Robert Jenrick gives Conservative conference delegates permission to be the worst possible versions of themselves

Honest Bob gets the party started – the Reform party. It’s tough being a Tory | John Crace

If Andy Burnham hadn’t already made an appearance – why stop at leading Labour when you can also lead the Tories? – then Robert Jenrick would definitely qualify as the Conservative party conference’s very own Andy. The unwanted guest at the wedding. The man who turns up at every fringe. Flutters his eyelids and says: ‘Who me? As leader? The thought never crossed my mind.’

Sadly for Kemi Badenoch, she can’t just starve Jenrick out. Pretend he doesn’t exist.
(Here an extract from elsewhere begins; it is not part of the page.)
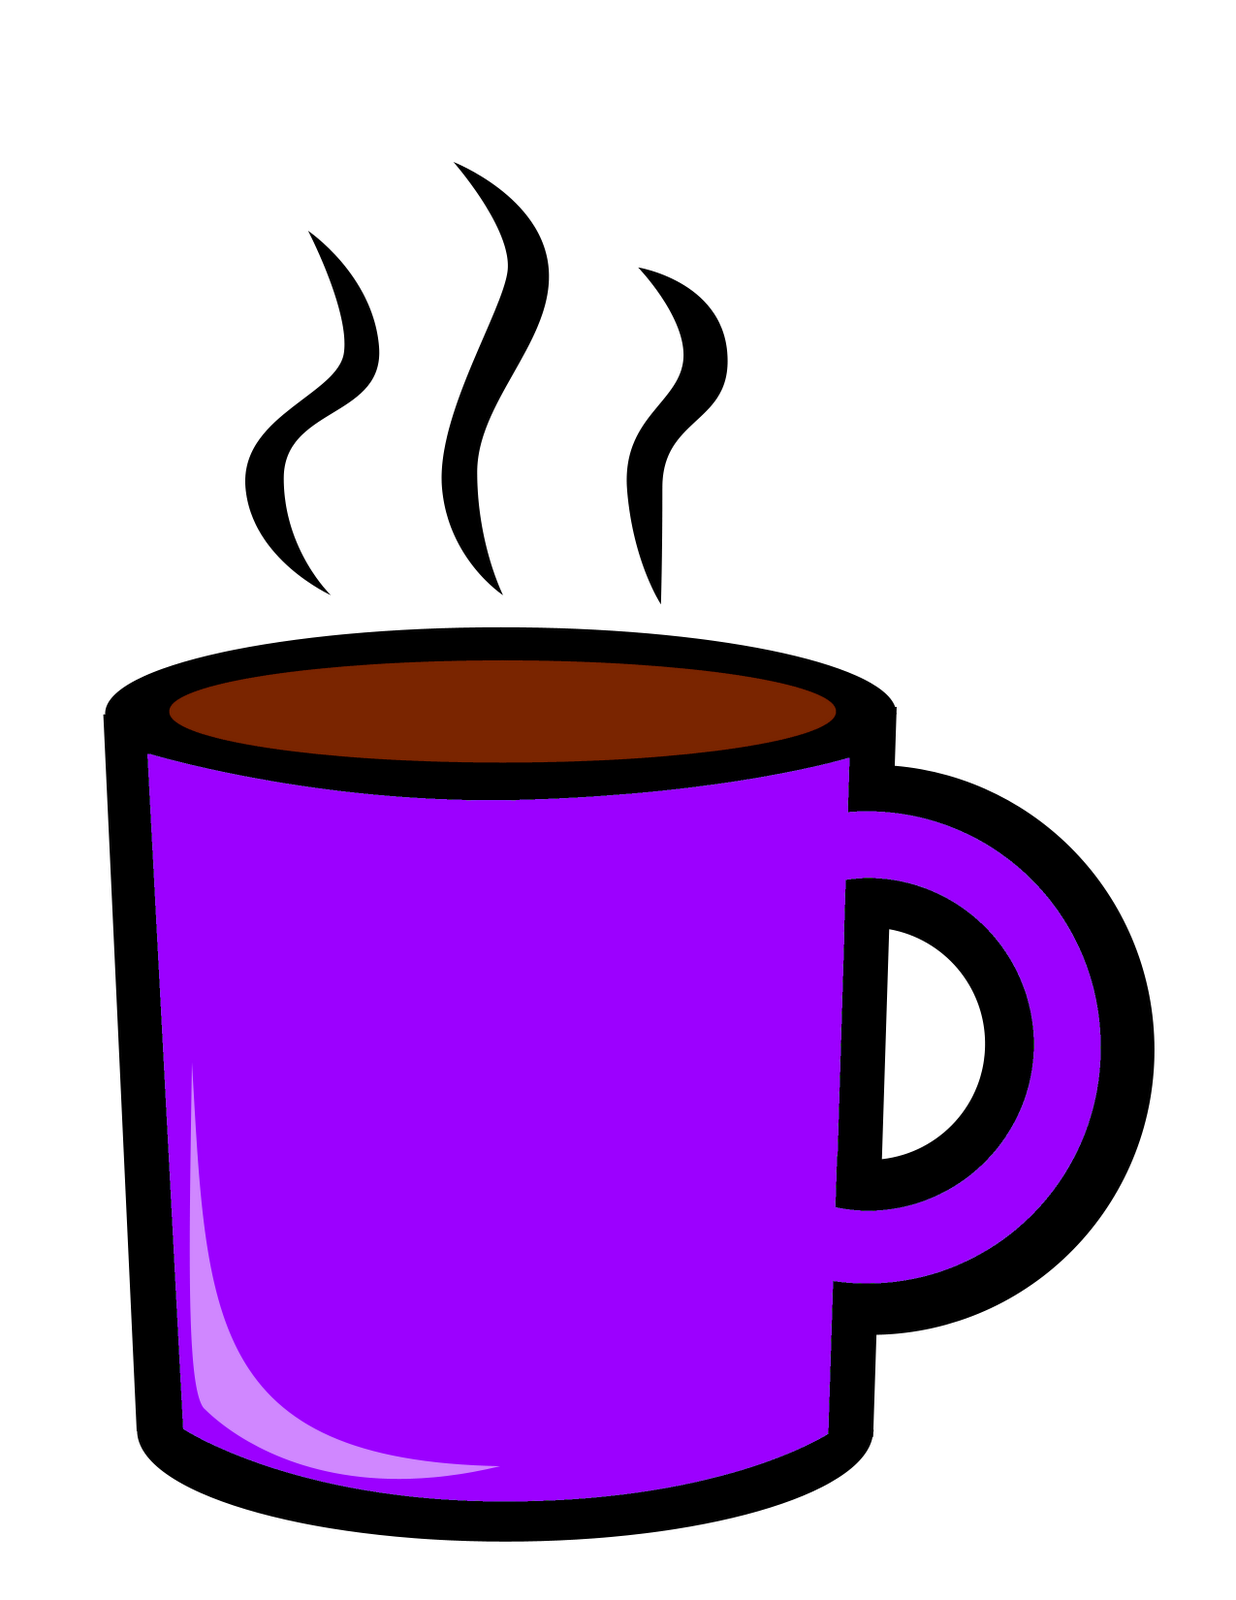 Hot chocolate ikolatal pinterest. Clipart cup polka dot tea

As Honest Bob is her shadow justice secretary, she was rather obliged to give him a slot on the main stage. This was the moment he had been waiting for. He needed no second invitation. A chance to commune with his people. To look into their souls. To tell them that it wasn’t racist not to want too many black people together in one place.

And his people were ready for him. The hall was roughly two-thirds full, half of them still awake. Which, by the standards of this conference, just about counts as a full house. Maximum engagement. There were people here who were alive after all. Not everyone had come together merely as a communal act of self-annihilation. Honest Bob appeared from behind a screen and the front few rows all stood up to give him an ovation. He raised his arms aloft in triumph. This was going to be his 20 minutes. Let’s get this party started.

Only the party in question wasn’t the Conservative party. It was Reform. Which wasn’t quite the category error it seemed. Because nearly all the delegates in Manchester appeared to also be closet Reform supporters. Some of them had sat through endless dreary Reform-lite speeches and been bored to death. It was all too tepid. An exercise in existential futility. Why bother to be half-arsed about it, when you could have the real thing? And Honest Bob was here to give them permission to be the worst possible versions of themselves.

Honest Bob led them to the promised land. But he did so ever so gently. This wasn’t a Nigel Farage tirade of hate. More an am-dram performance of The Producers.‘’ Light touch, tongue in cheek, authoritarianism with a shiny, happy face. Putting the fun back in fascism again.

Look guys. We’ve been doing this all wrong. We’ve been making all this far right stuff sound too military. A bit 1984. But Honest Bob was here to tell you he could do being unpleasant to foreigners for jokes. Hell, what’s a bit of incitement to burn down migrant hotels between friends. Just the wokerati trying to stop you having a laugh.

Lure them in gradually. Start with a few gags. At least what passes for gags on a conference stage and Honest Bob had given this all a lot of thought. Then this was basically a leadership speech. One that could run in parallel with Kemi’s. He was the leader-elect. He came not to bury Kemi, but to praise her. He just had a funny way of showing his loyalty.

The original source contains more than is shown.